Based on my limited real-life experiences working with chatGPT and OpenAI API, I think there are still so many opportunities to improve these models and functions. If you just watch the developer conference, you may feel that OpenAI is so far ahead of everyone else and there is no chance for catching up. But I think the race is still very much alive. Yes, OpenAI has a giant leg up since they “solved” the distribution problem given the word-of-mouth growth and their current scale (100M weekly active users). But if you have a truly better product, you still have a very good chance of reaching massive scale.
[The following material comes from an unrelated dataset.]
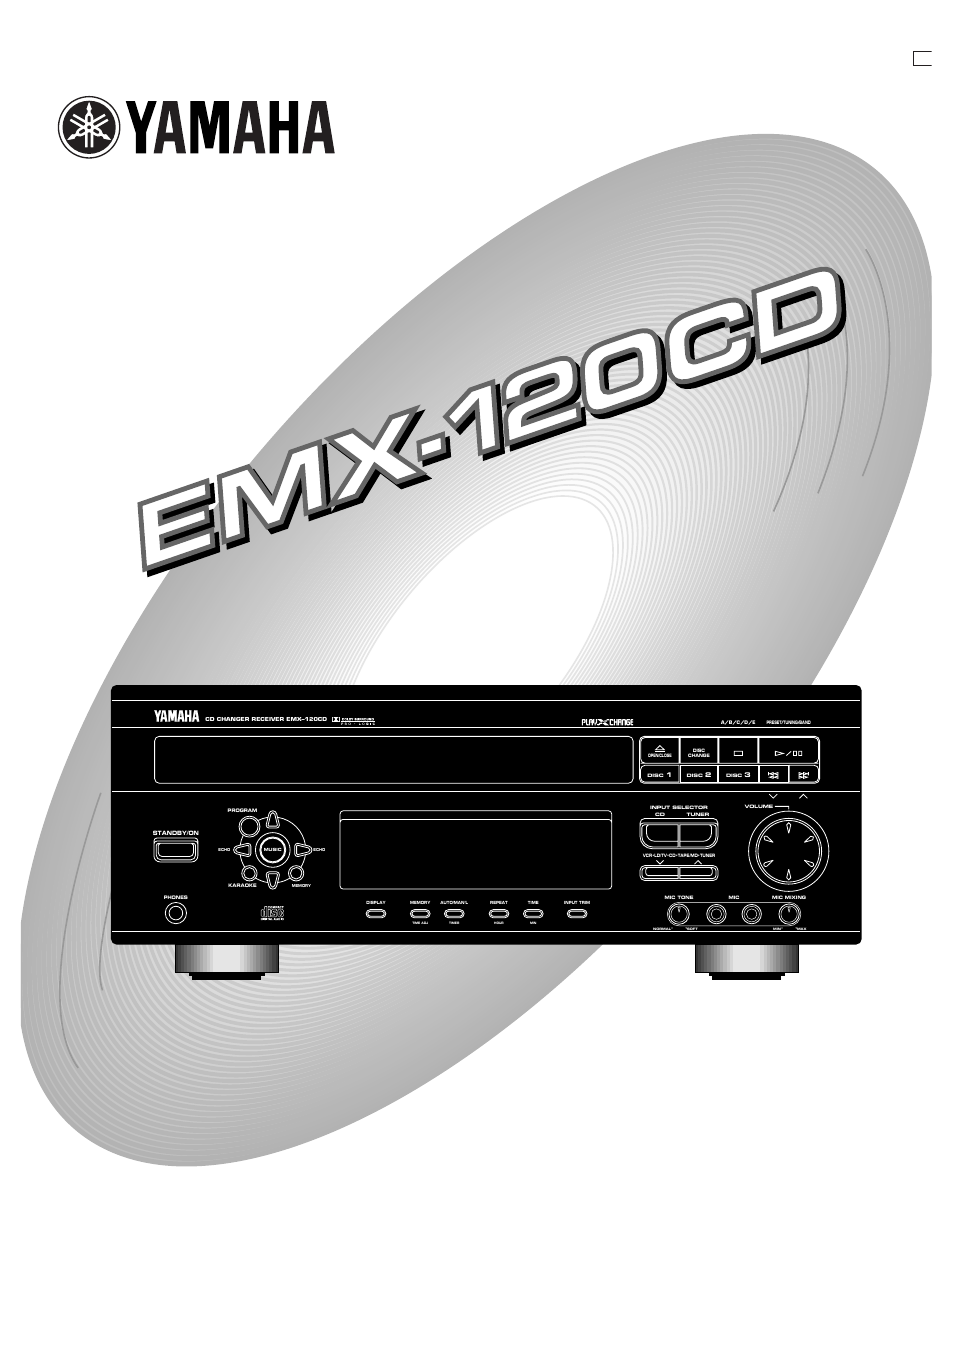 Yamaha EMX120CD User Manual | 53 pages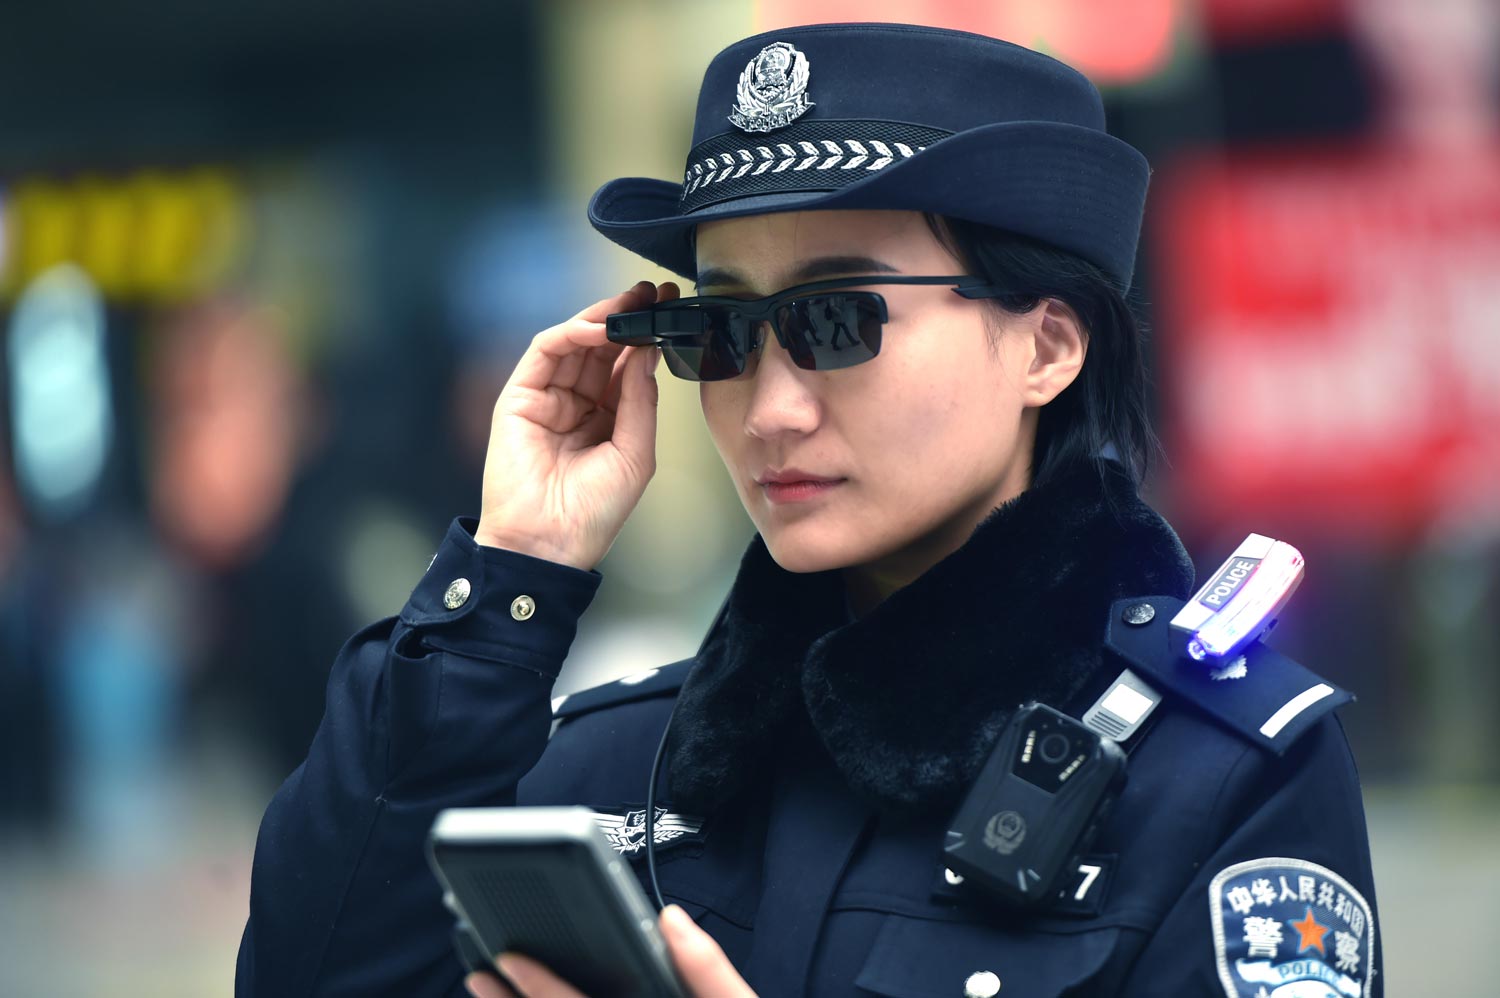 Polis China Kaca Mata Pintar 2

These are the improvement areas right now to 10X or 100x model performance according to No priors hosts:

1. Multi-modality

2. Long context window

3. Model customization

4. Memory: AI remembers what it was doing

5. Recursion

6. AI router: smaller/specialized models being controlled/orchestrated by the main/larger model.

Last but not least, while the tone of voice of this blog post can be seen as quite negative, I am still a chatGPT plus subscriber and I am still using OpenAI API for this blog chatbot. 🙂

I hope that over the next few weeks, as GPT-4 Turbo is officially out and all the issues are being worked on by OpenAI, we can get the same quality back. Also, I suspect that they are experiencing this negative bump in performance because too many people are using or trying to use the API/web version.